| What the task requires |
Starting with the line that holds "43 More DIY", reproduce each line through the last one of the data, exactly as written. Pictures are not copied.

| Source data |

Segment Open

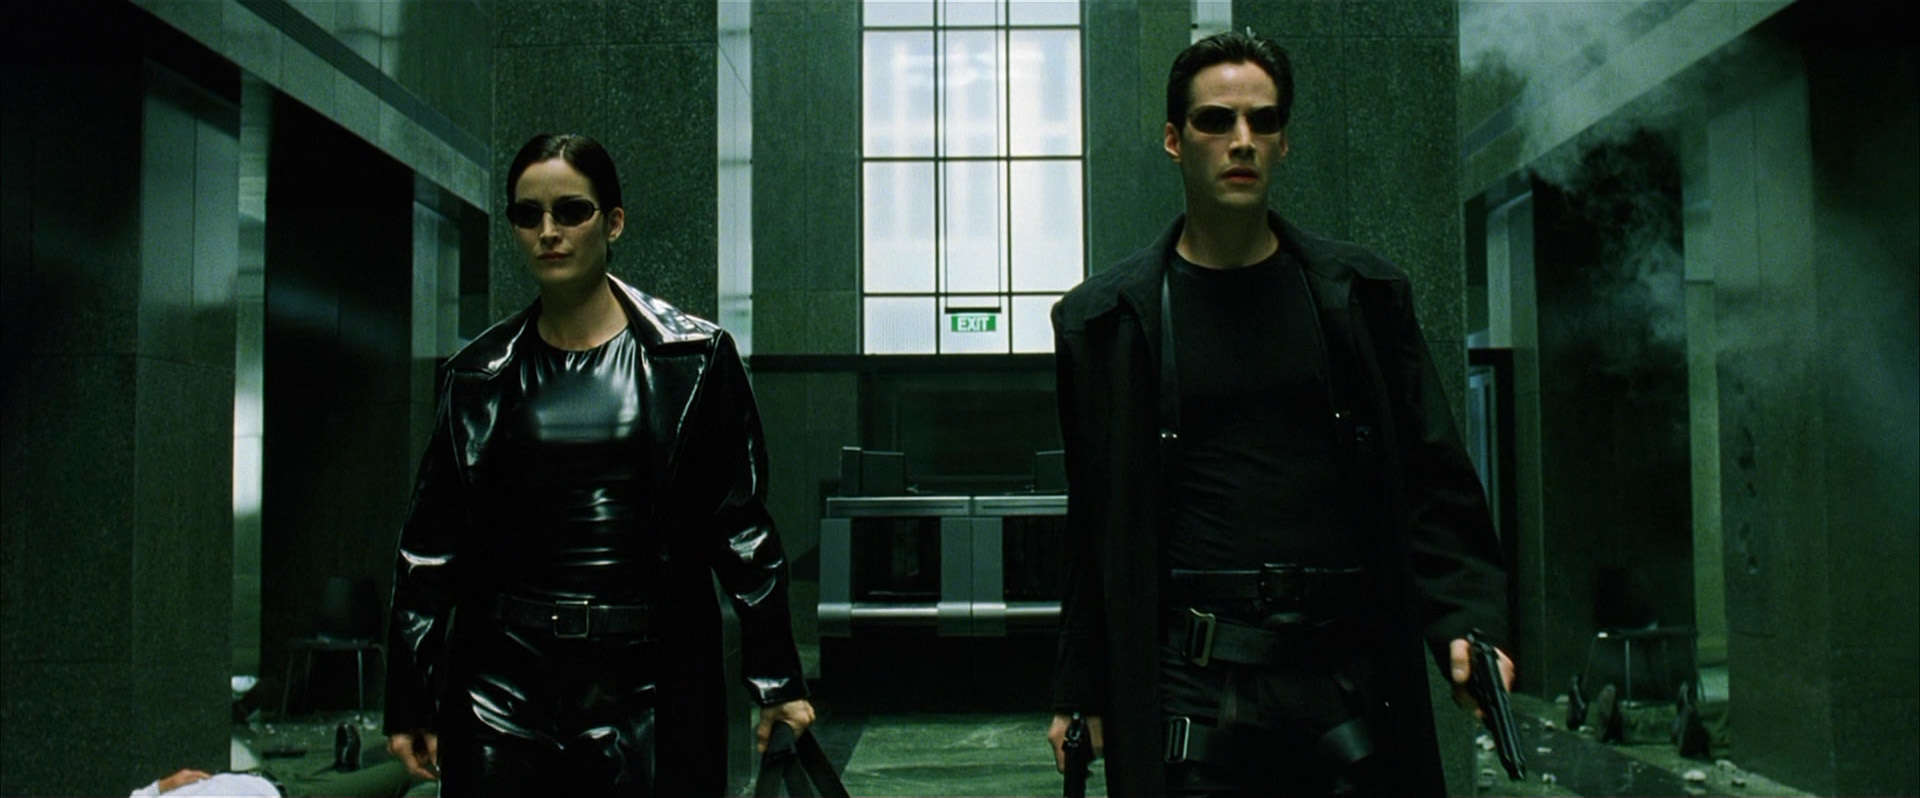 A woman and a man wearing sunglasses hold guns and walk down a hall in this image from Warner Bros. Pictures.
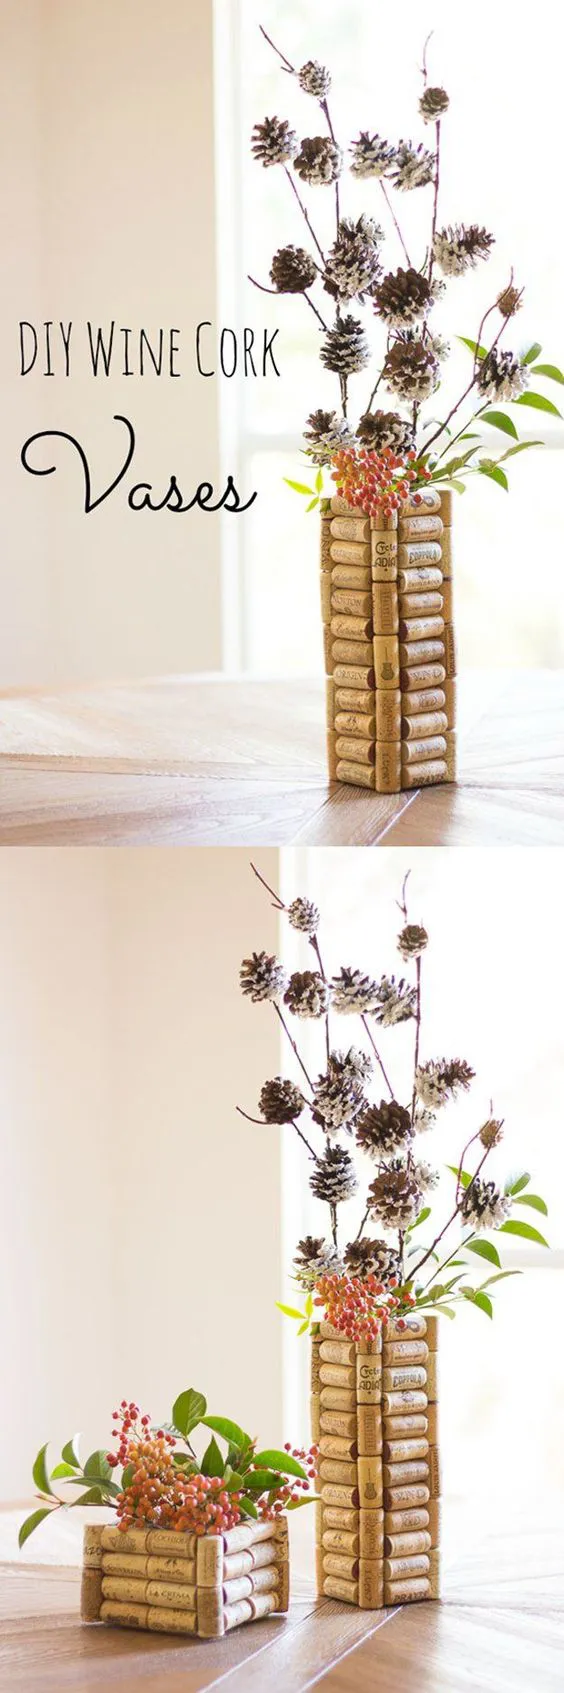 43 More DIY Wine Cork Crafts Ideas http://DIYReady.com | Easy DIY Crafts, Fun Projects, & DIY Craft Ideas For Kids & Adults
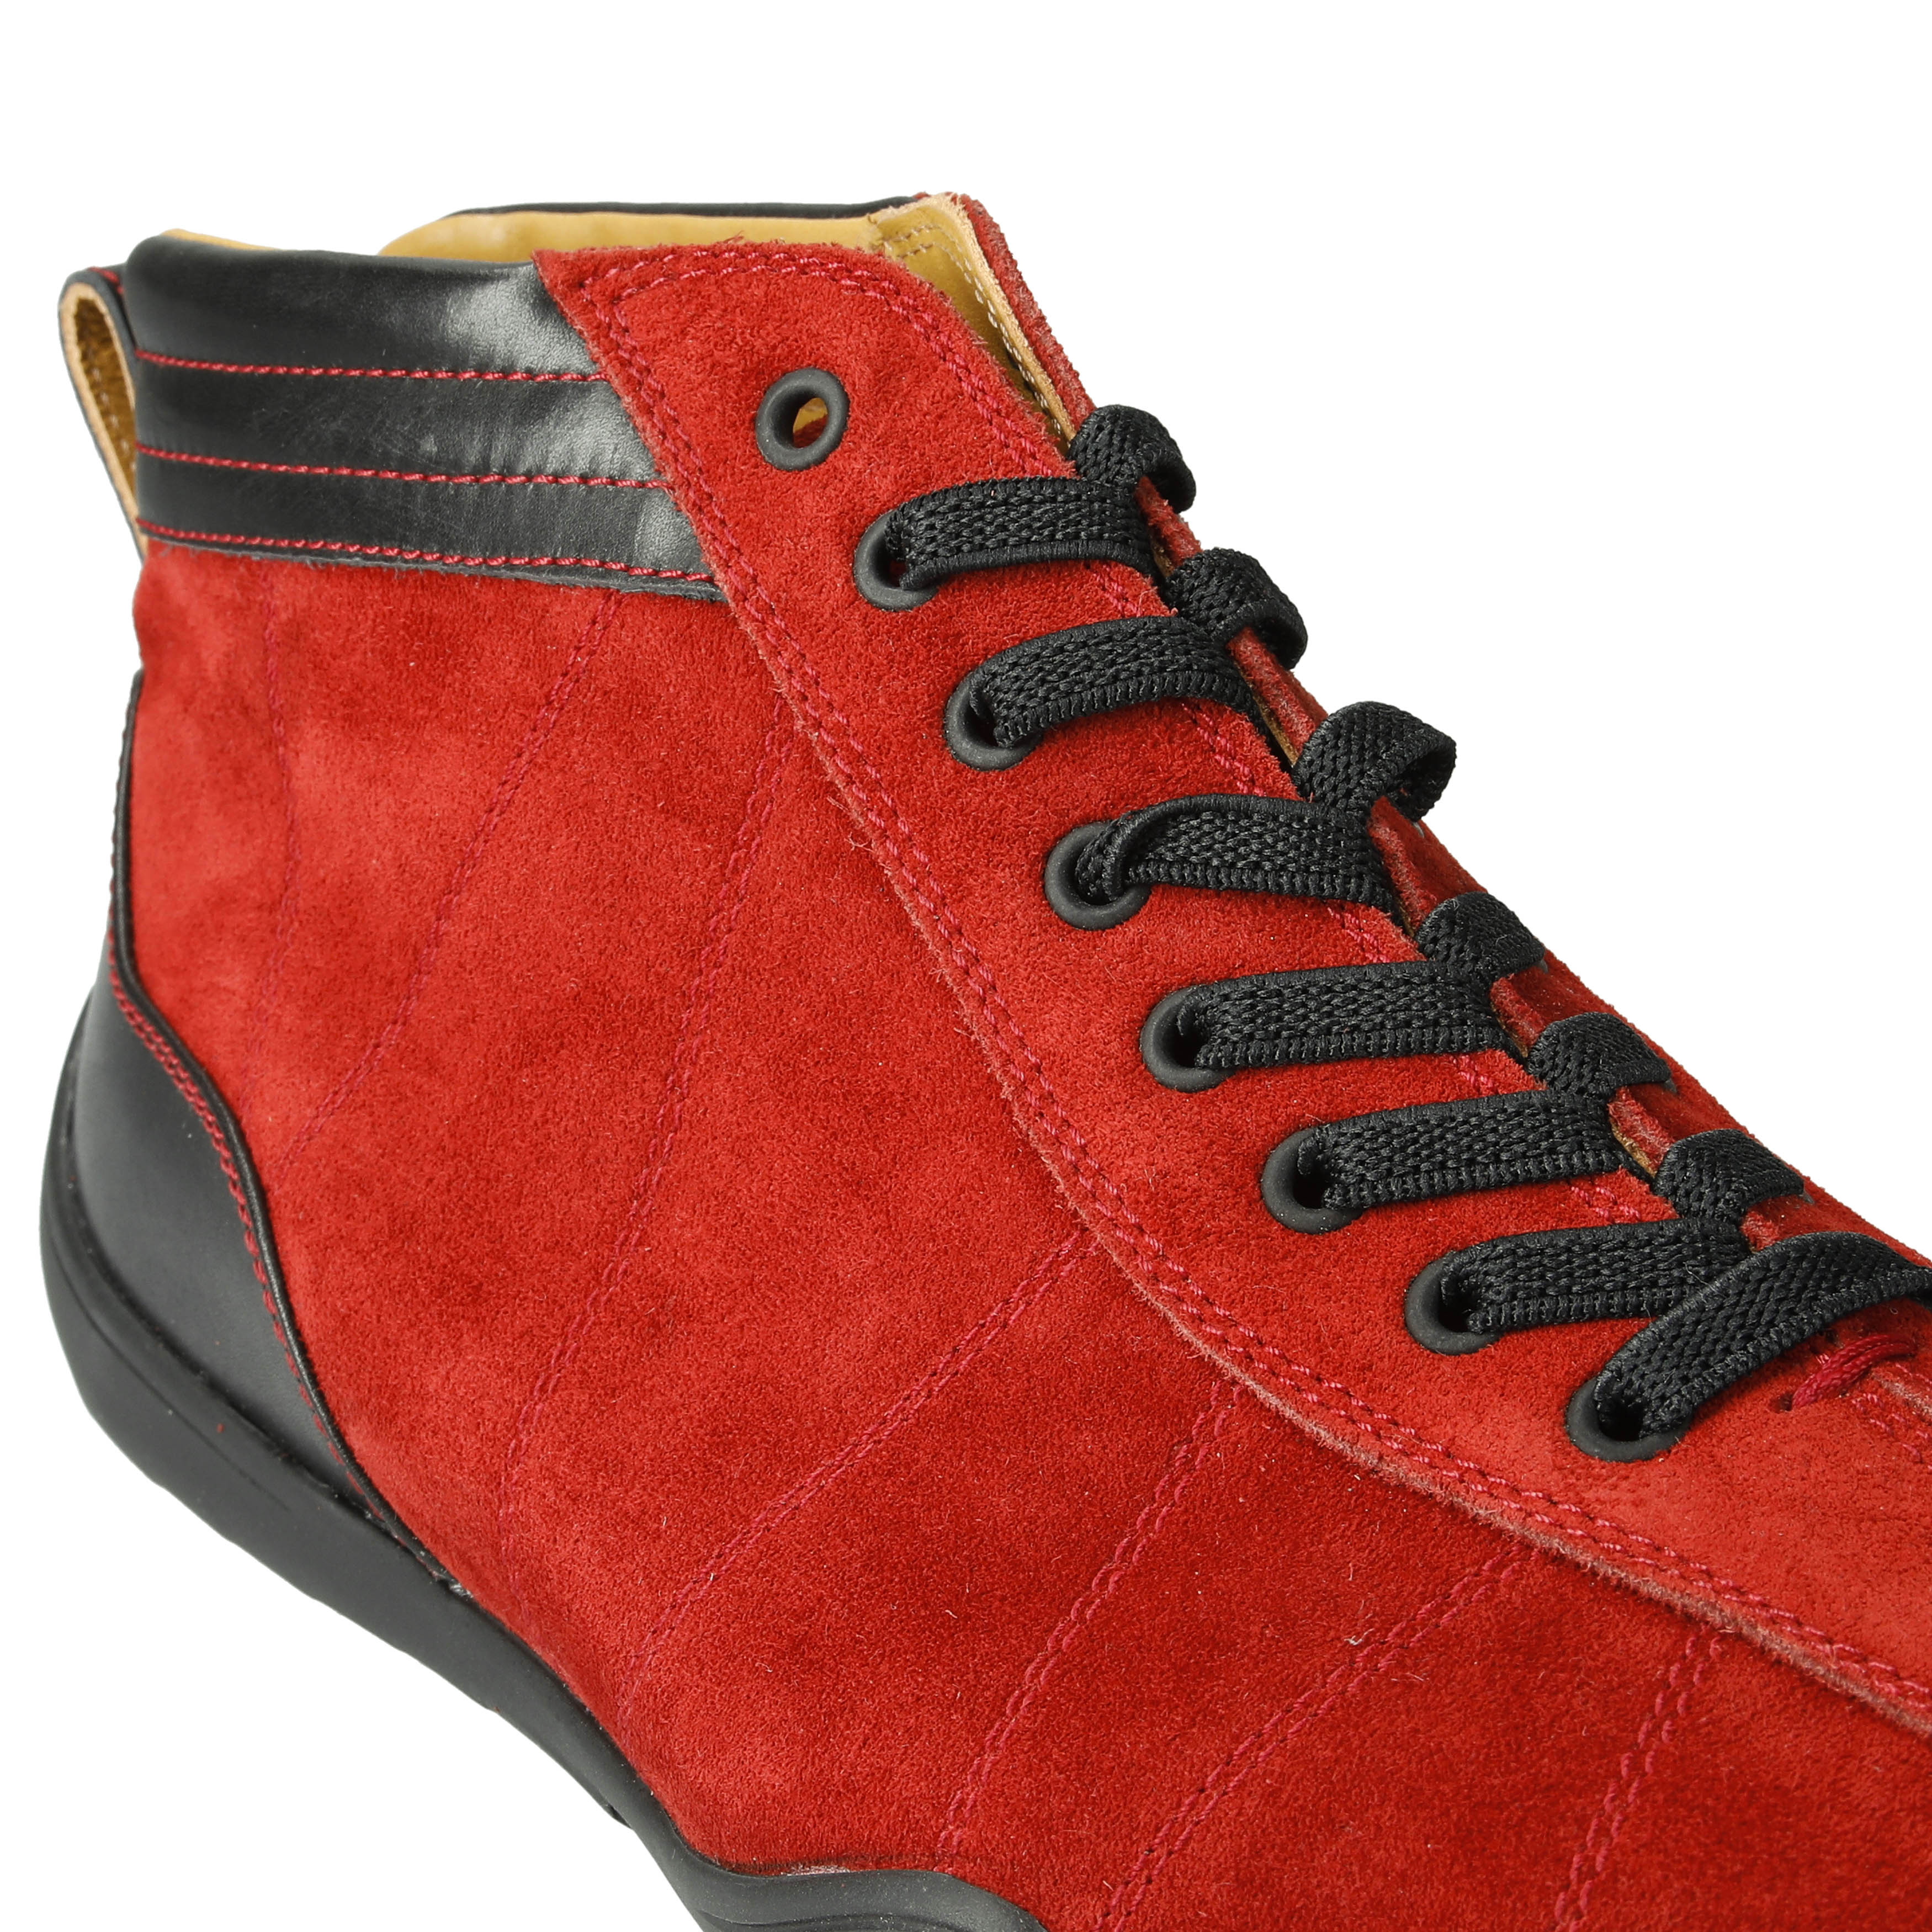 GRAND PRIX HI-TOP / Ignition Red［お取り寄せ品］イメージ3

Segment Closed

| Solution to the problem |
 43 More DIY Wine Cork Crafts Ideas http://DIYReady.com | Easy DIY Crafts, Fun Projects, & DIY Craft Ideas For Kids & Adults
 GRAND PRIX HI-TOP / Ignition Red［お取り寄せ品］イメージ3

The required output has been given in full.